Integrating AI into existing IAM systems without disrupting current operations

Bringing AI into your IAM system doesn’t have to be a disruptive overhaul. Alexandre suggests a thoughtful, step-by-step approach to ease AI into your security processes while keeping everything running smoothly.

1. Start with audit mode only

Think of AI as an observer at first. Let it analyze access patterns, flag anomalies, and make recommendations without making any decisions. This way, you can see how it performs without risk to your existing workflows.

2. Validate AI’s decision-making

Before giving AI any control, let it run in read-only mode and compare its recommendations to what your team would decide. You’ll know it’s ready for the next step if it consistently aligns with your policies and expectations.

3. Gradually give AI more control

Once AI proves itself, start allowing it to make low-risk decisions, like automating approvals for routine access requests. This allows you to monitor how it handles real-world scenarios without fully handing over the reins.

4. Closely monitor AI’s performance

Even as AI takes on more responsibility, regular audits are a must.
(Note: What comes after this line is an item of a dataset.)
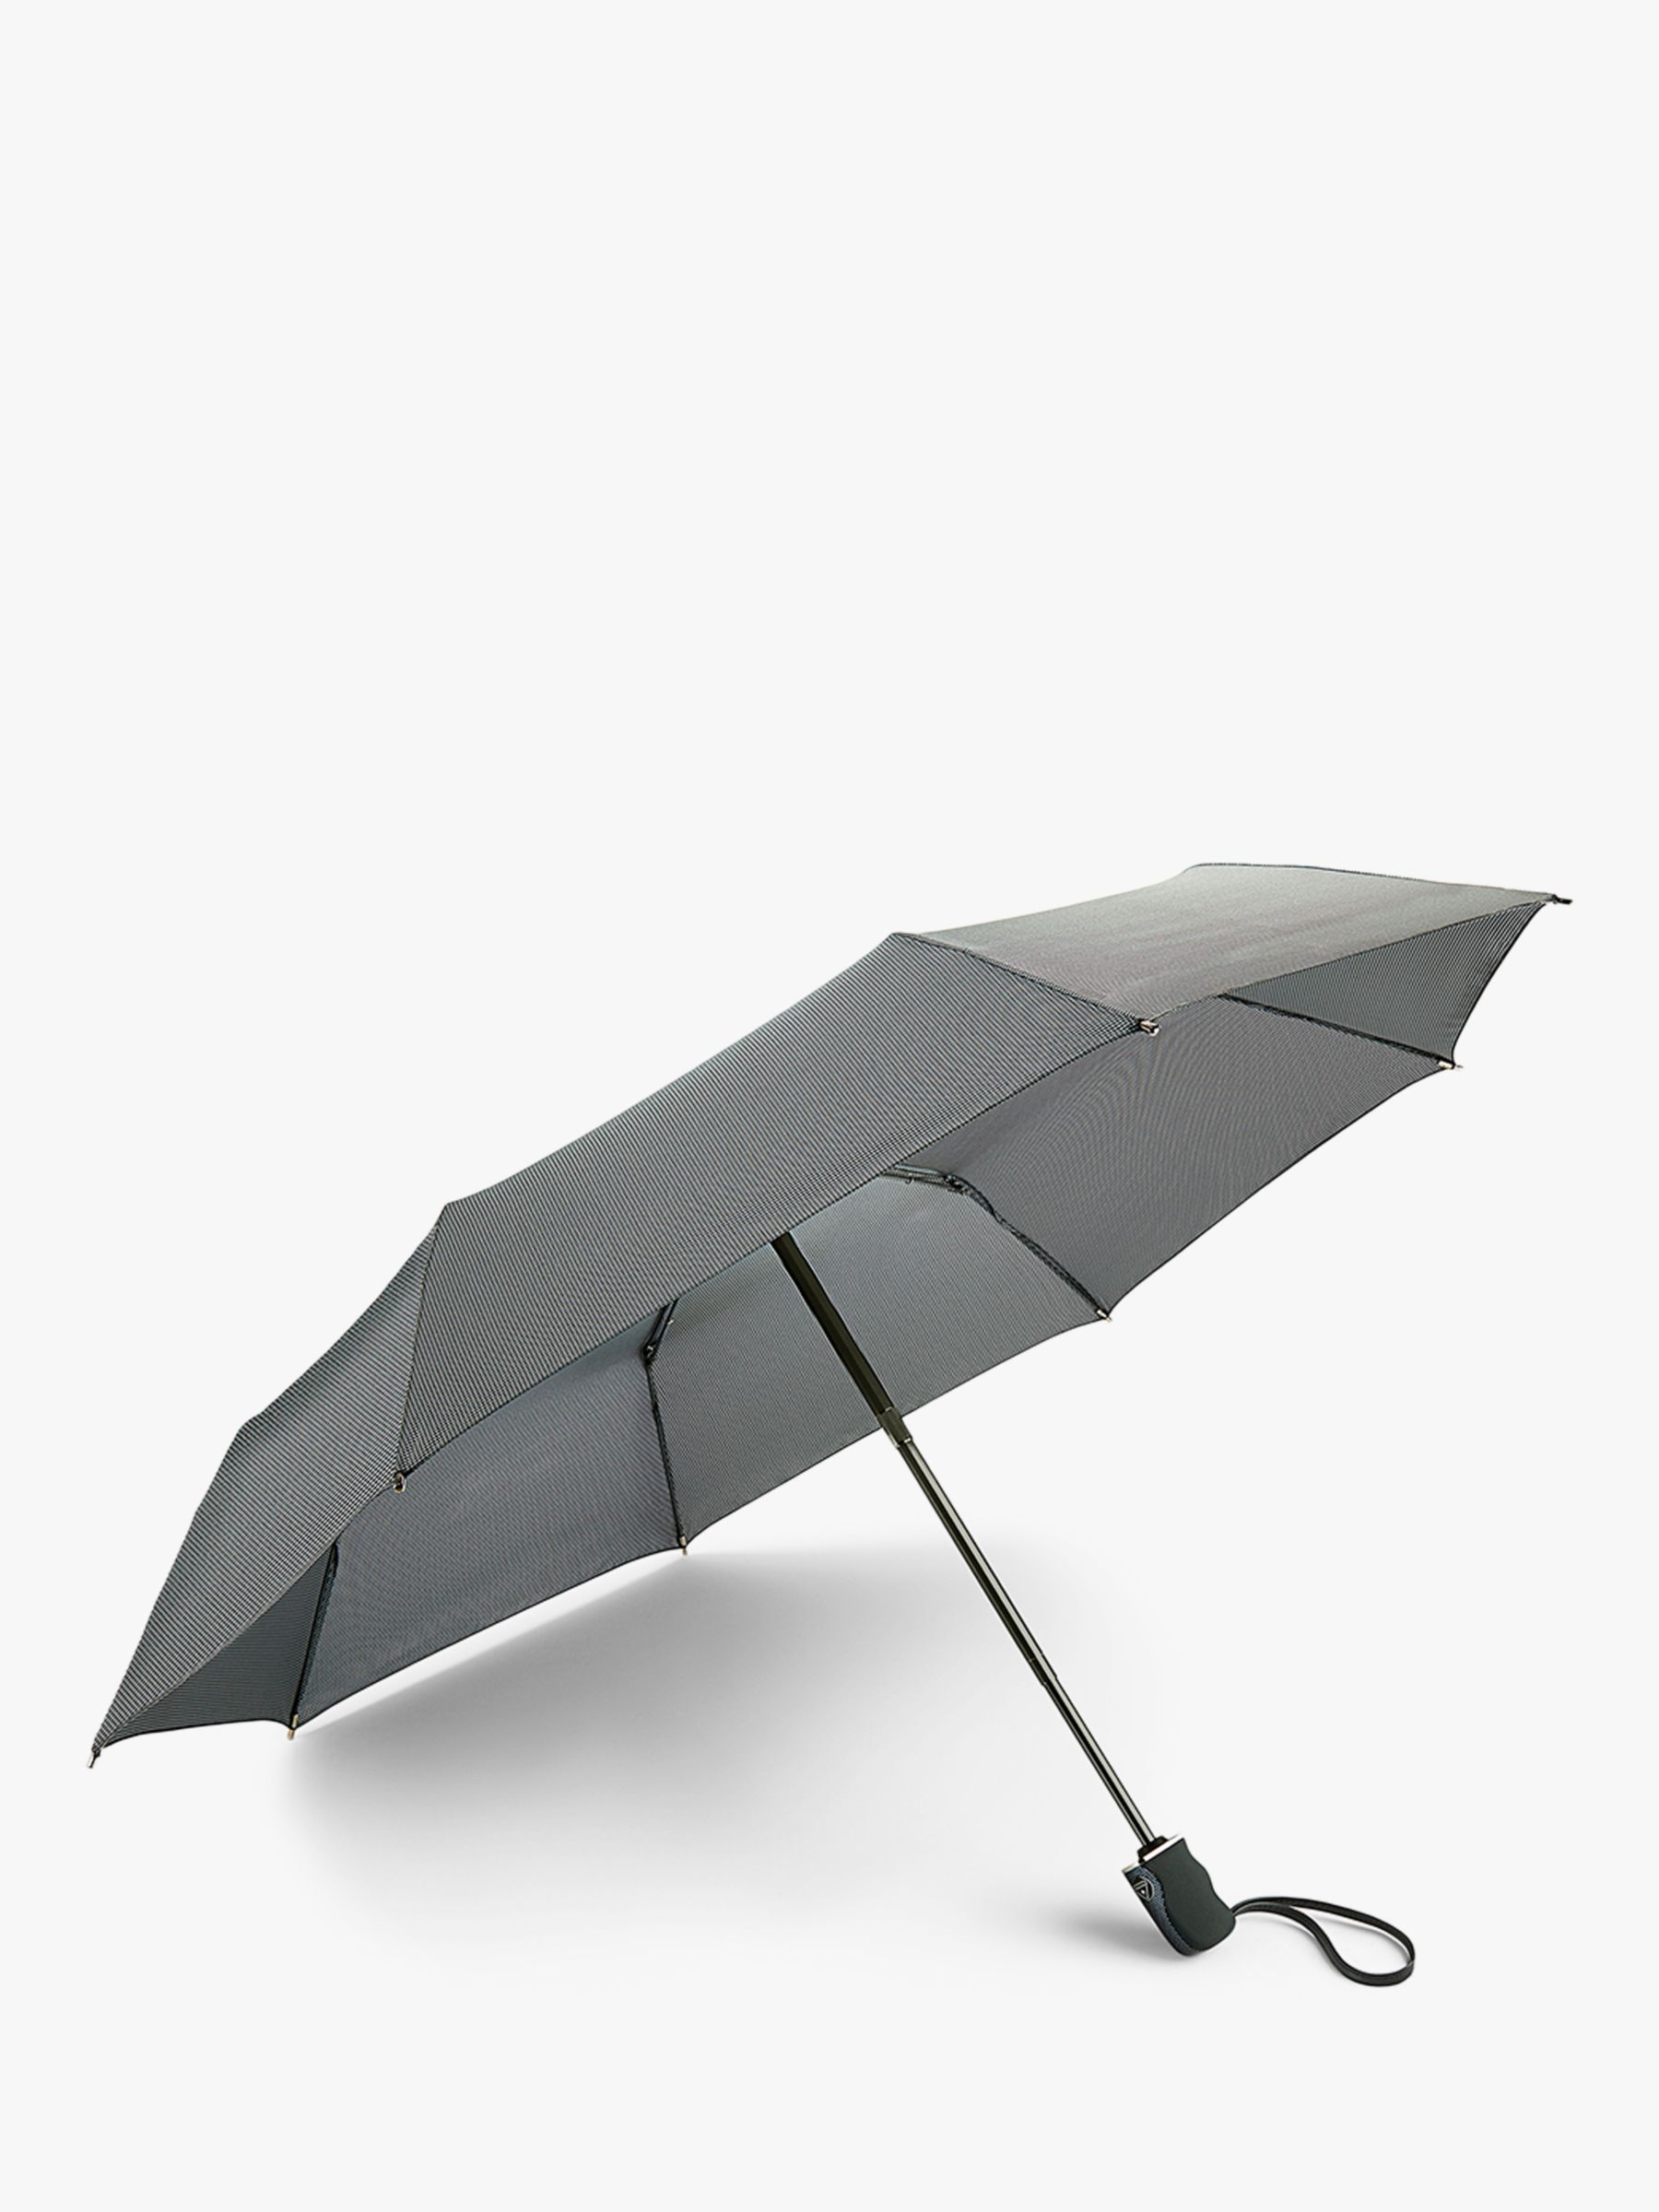 Fulton Fulton Houndstooth Telescopic Umbrella, Grey

You need visibility into how decisions are being made and the ability to catch and correct any issues early on.

5. Scale AI’s role at a manageable pace

As confidence in AI grows, you can start using it for more complex decisions. The key is scaling up gradually so you can fine-tune the system along the way.

6. Maintain human supervision

No matter how advanced AI becomes, humans should always have the final say—especially in sensitive access decisions. Keep override capabilities in place and adjust the system as your security needs evolve.
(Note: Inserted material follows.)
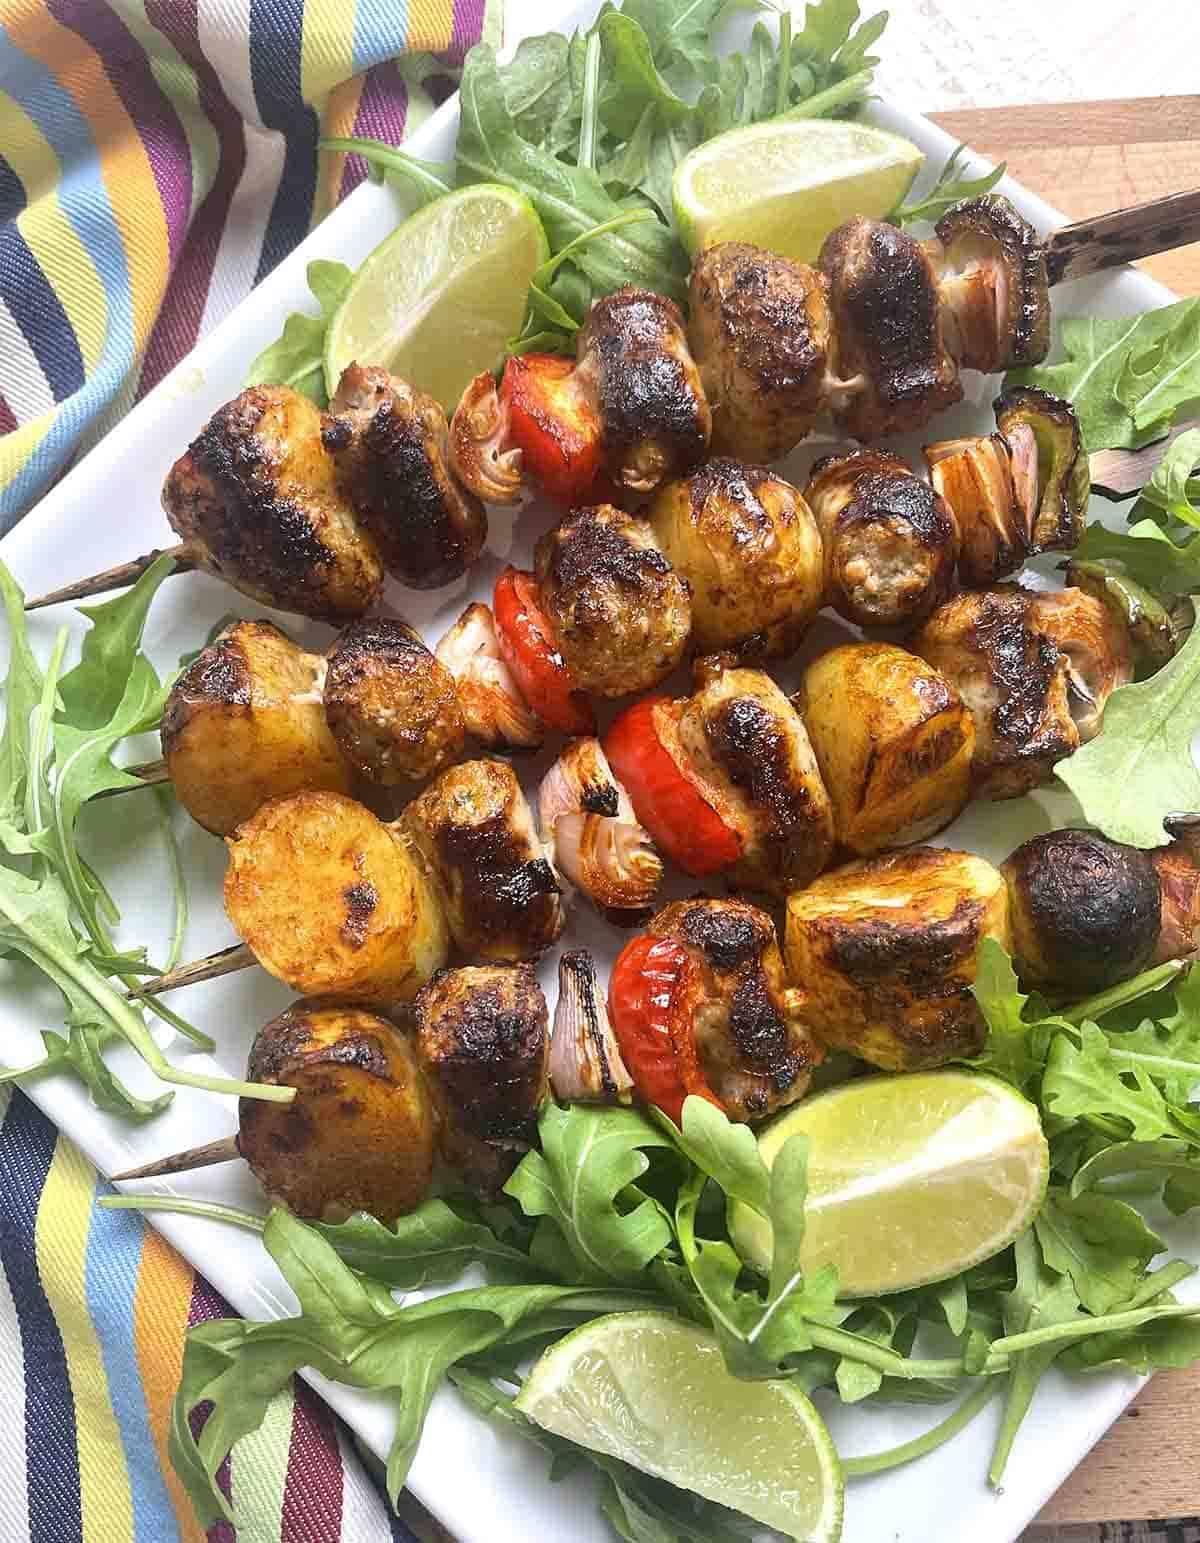 sausage kebabs on a plate.

Beyond IAM: Hybrid security

The future of cybersecurity lies in hybrid security models that integrate AI’s analytical capabilities with human expertise to create a resilient and adaptive system. Alexandre mentions that in the future:

“Humans will define policies, guidelines, and frameworks that are governing the implementation of Non-Human Identities (NHI), but the operationalization will require AI (or advanced automation for such process). In this context, stating “AI will” means well-scoped and controlled AI processes whose role is clearly defined within clear boundaries.” 

This is rightly so because AI can process vast amounts of data, detect anomalies, and automate responses at a scale impossible for humans alone. However, without clear boundaries and human oversight, AI-driven security decisions could lead to unintended risks, misconfigurations, or even privilege creep. 

A hybrid security approach ensures that AI enhances efficiency while humans provide strategic direction, ethical considerations, and critical decision-making in complex scenarios.